A pesar de los múltiples interrogantes que quedaron abiertos, pude llegar a la
siguiente conclusión: el psicoanálisis recupera la verdad rechazada por la ciencia y el cogito
cartesiano. Es una de las pocas prácticas modernas, junto a la religión y la magia, que se
interroga por la verdad para la existencia humana. La magia opera con la verdad como
causa eficiente pero a través de un saber velado. Esto quiere decir que el chamán, que
coincide corporalmente con el lugar de la verdad, transmite un saber que se disimula tanto
en su tradición operatoria como en su acto. Se desconocen las razones de su eficacia. Por
otro lado, la religión desconfía del saber y deja la verdad a cargo de Dios, denegando al
sujeto su acceso a la verdad y la posibilidad de considerarse como parte interesada en ella.
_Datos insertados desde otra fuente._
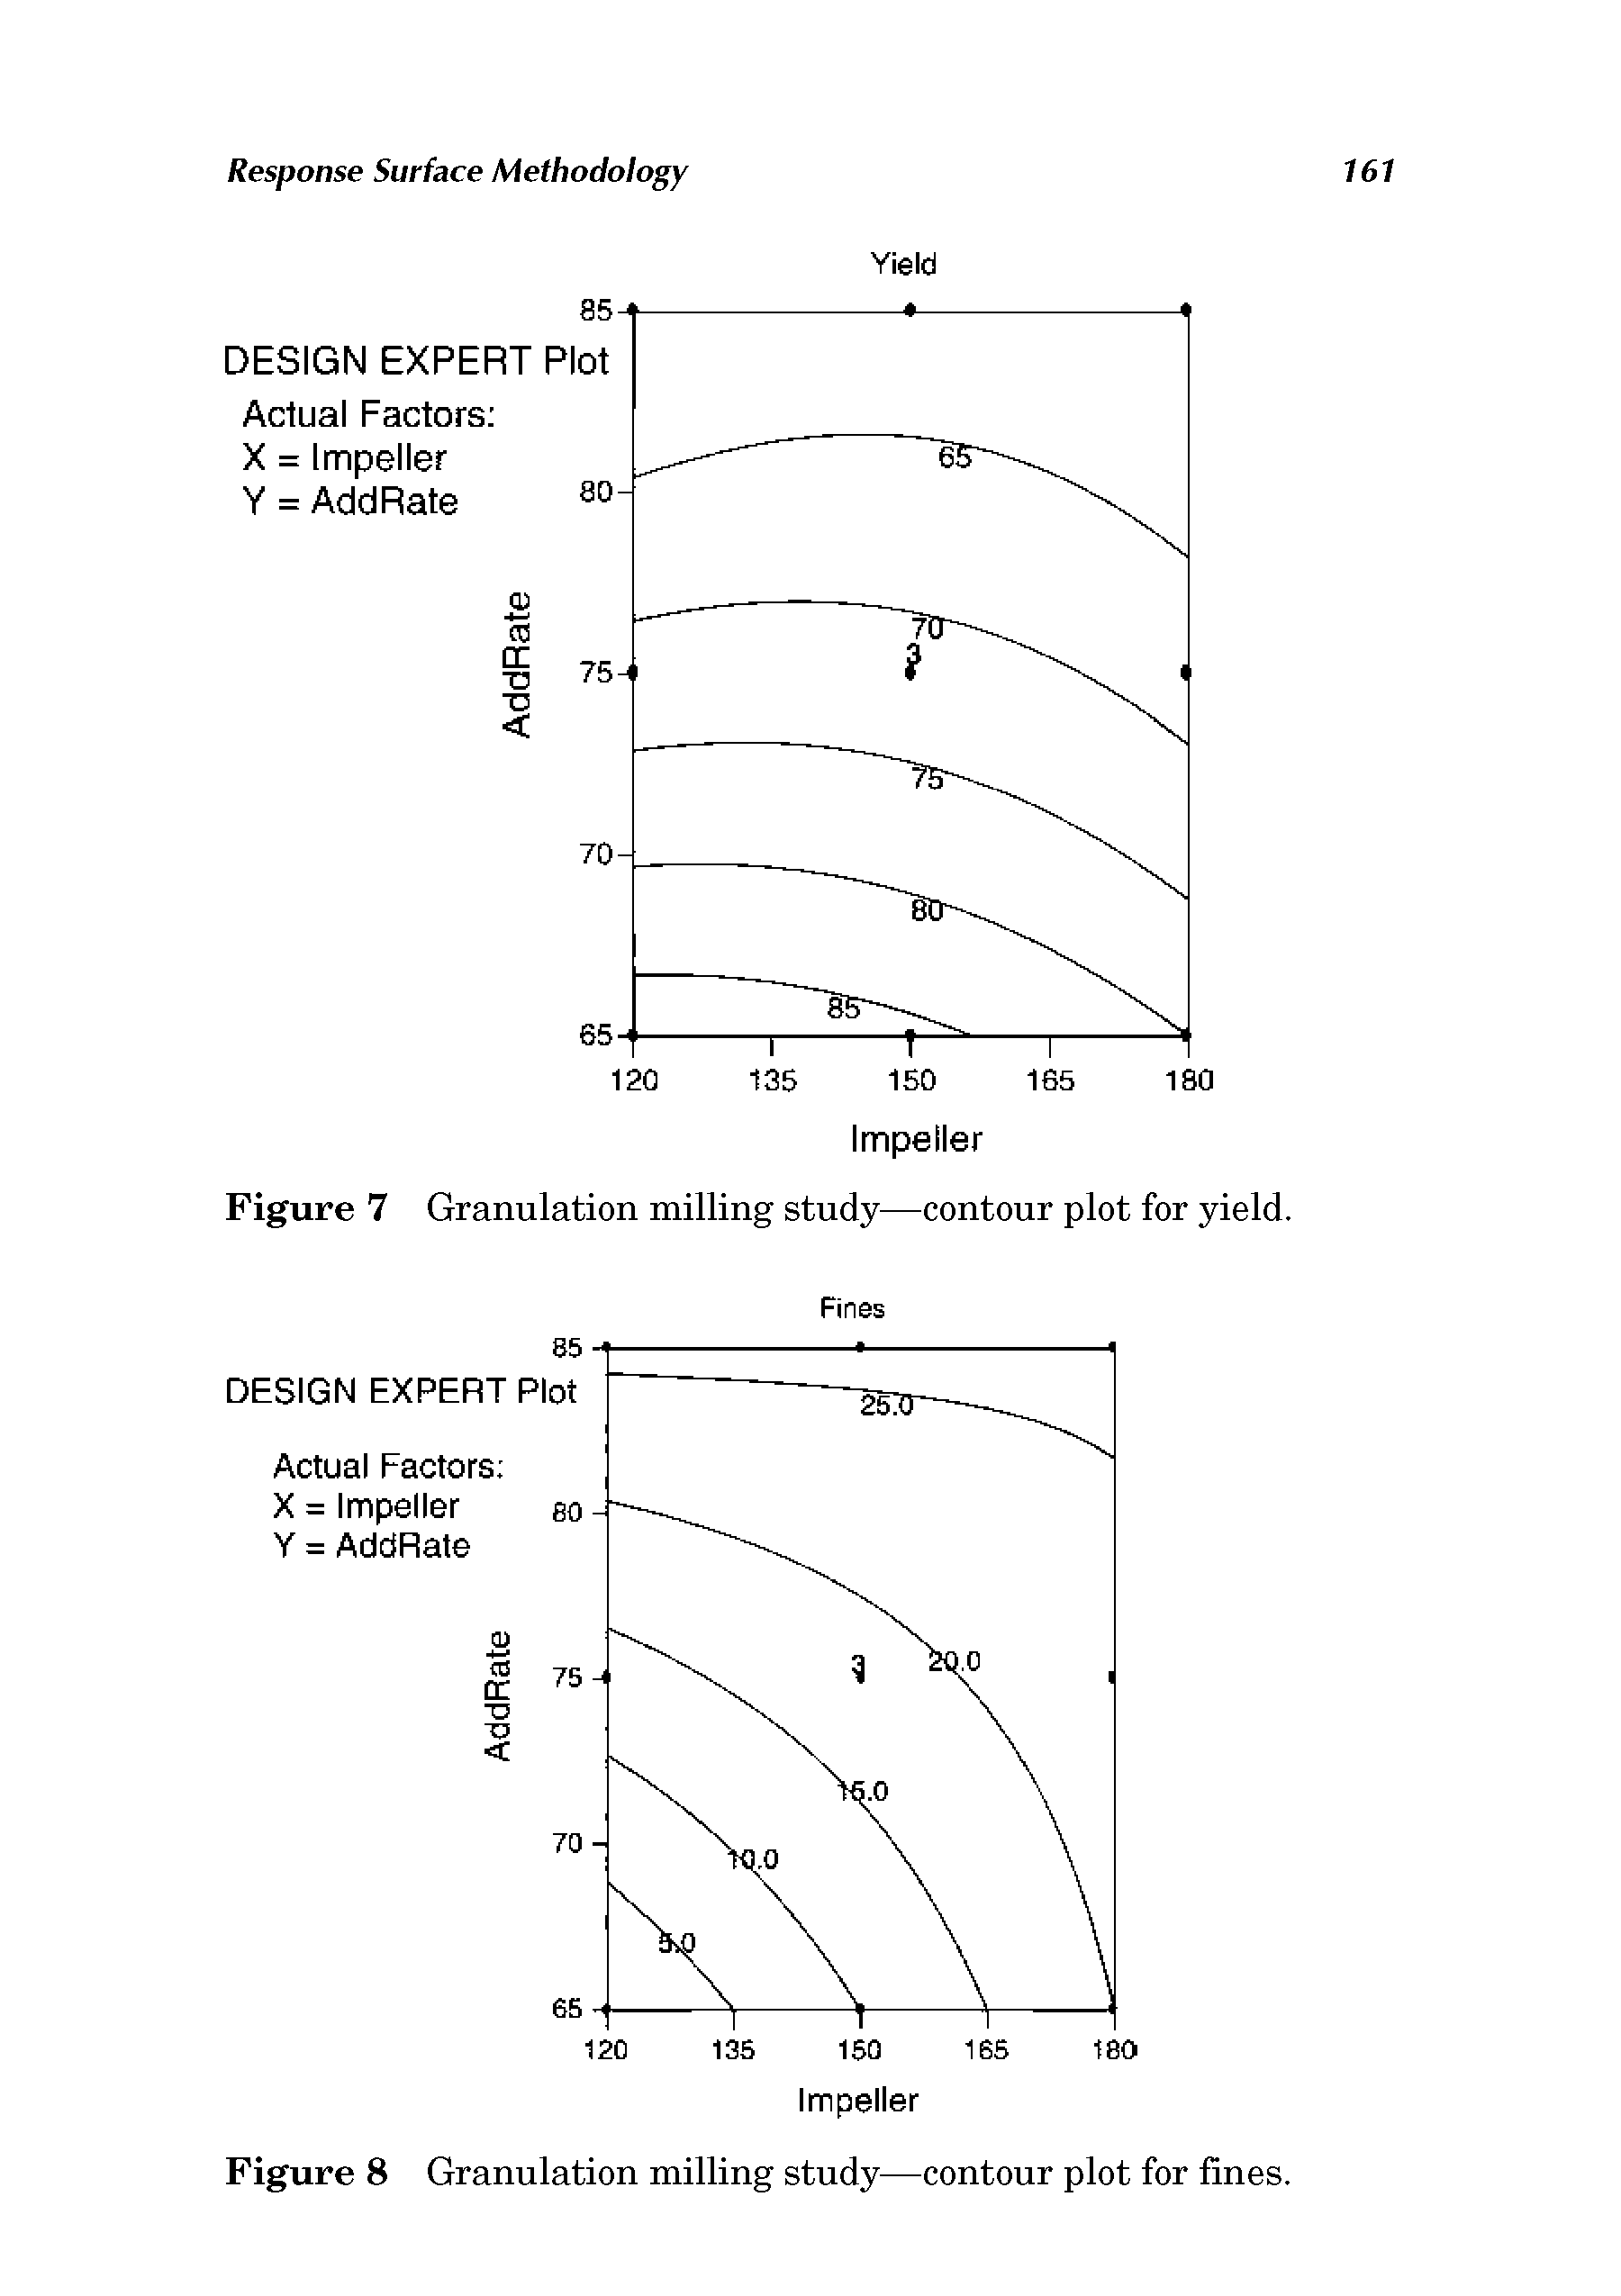 Figure 7 Granulation milling study—contour plot for yield.

De este modo, la verdad –en su dimensión escatológica, es decir, como causa final- se
experimenta como culpa. El sujeto es objeto de sacrificio al remitir a Dios la causa de su
deseo. La ciencia, dije, no quiere saber nada con la verdad como causa, la rechaza del
campo del saber. En todo caso, la ciencia trabaja con la verdad como causa formal –lo que
Foucault llamaría “conocimiento de objeto”- y avanza sobre la acumulación de un saber
comunicable sobre lo real. Por esta vía, la ciencia sutura al sujeto dividido que ella misma
produce. El psicoanálisis, en cambio, acentúa a la verdad como causa material: la forma de
incidencia del significante en la constitución del sujeto. El psicoanálisis es una práctica de
acceso la verdad pero que opera a través de un método que toma como hilo conductor al
saber racional. Traza un saber sobre la verdad particular, comunicable y racional. Si el
procedimiento psicoanalítico parte de la verdad que los síntomas enmascaran, la verdad de
los dramas subjetivos, sólo puede operar con el sujeto de la ciencia a condición de ponerlo
en correspondencia con el campo de la verdad como causa material.
La verdad. “No me apodero de ella sino para hacerles una pregunta a ustedes los
analistas: ¿lo que haces ustedes, tiene sí o no el sentido de afirmar que la verdad del
sufrimiento neurótico es tener la verdad como causa?” (Lacan, 1966: 827).